Eggs cracked into a spicy Mexican tomato sauce, topped with grated cheese, sour cream and coriander.
The name of this recipe suggests that it should be eaten as a weekend breakfast, but it is equally suitable for a quick, easy, tasty and healthy (2 of your 5 a day!) weekday dinner.
I came up with this recipe when staying with my mum and dad who keep laying chickens in the back garden. We had a huge surplus of eggs one summer so I came up with this recipe as a way of using the eggs as the centre of a meal.

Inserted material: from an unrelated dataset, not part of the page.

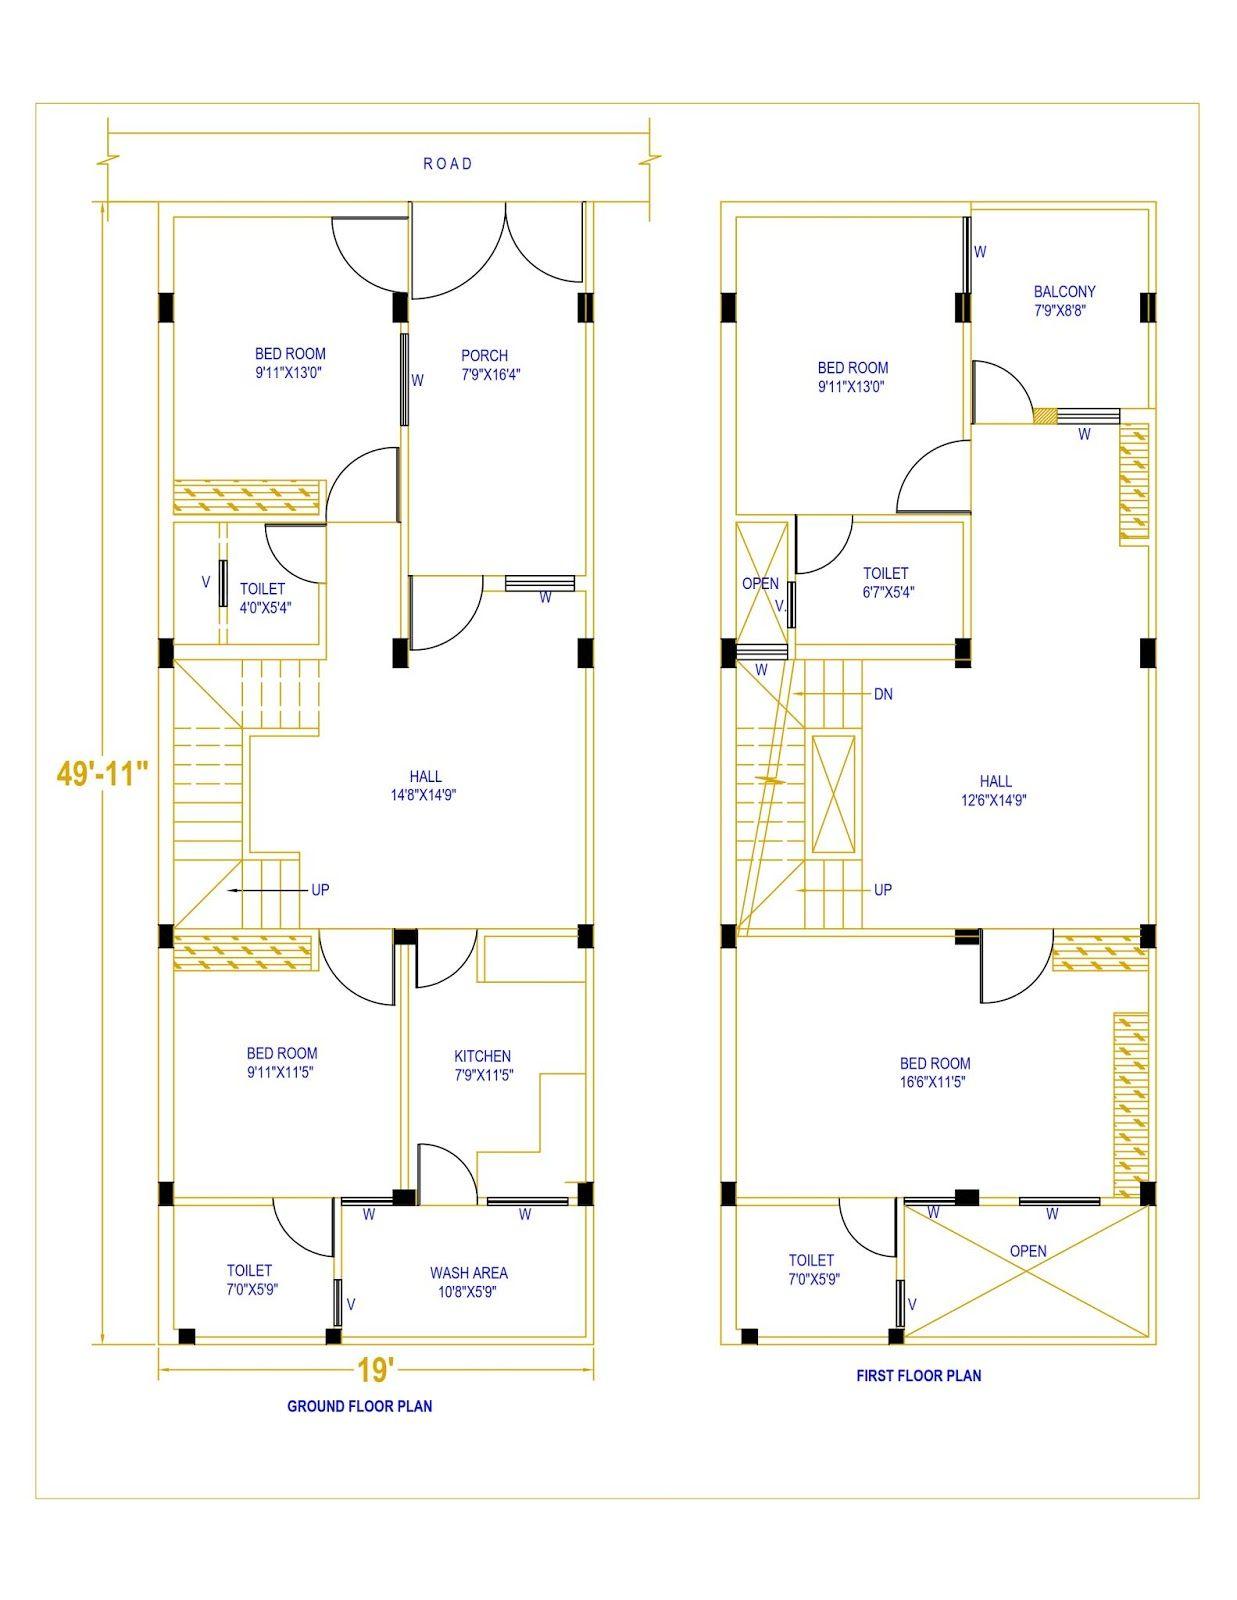 20 X 50 House Plan Housewala In 2020 Family House Plans 2bhk House Plan 20x40 House Plans

Variations: Omit the chorizo for a vegetarian version or serve on a bed of wilted spinach for a healthier option!
Ingredients: Serves 2
- ½ an Onion
- 1 Clove of Garlic
- 1 Chilli
- 150g Chorizo Sausage (Optional)
- 1 Red or Yellow Pepper
- 1 Tbsp Smoked Paprika
- 1 Tsp Ground Cumin
- 1 Tsp Ground Coriander
- 1 Tbsp All Purpose Seasoning
- 1 Can of Chopped Tomatoes
- 4 Free Range Eggs
- Grated Cheddar Cheese
- Sour Cream
- Fresh Coriander
- Lime Wedges
- Tortilla Wraps
Fry the onions and Chorizo in a pan until cooked through, then add the finely sliced garlic and chilli.
Finely Slice the pepper and add to the onions, fry for a few more minutes.
Stir in the spices, then add the chopped tomatoes, along with a splash of water and cook for a further 5 minutes until the sauce has thickened and come together, season to taste.
Make a small well in the sauce and crack in an egg, repeat for the other three eggs in quick succession, so that they will all be cooked perfectly at the same time! Simmer for a further 5 minutes until the egg whites are completely cooked but the yolks are still runny. (If you prefer your eggs more cooked, you could put the pan under the grill for a few minutes at this point)
Grate over the cheddar cheese, spoon some soured cream into the pan, and sprinkle over the chopped coriander.
Remove from the heat and serve with warmed tortilla wraps, guacamole and lime wedges.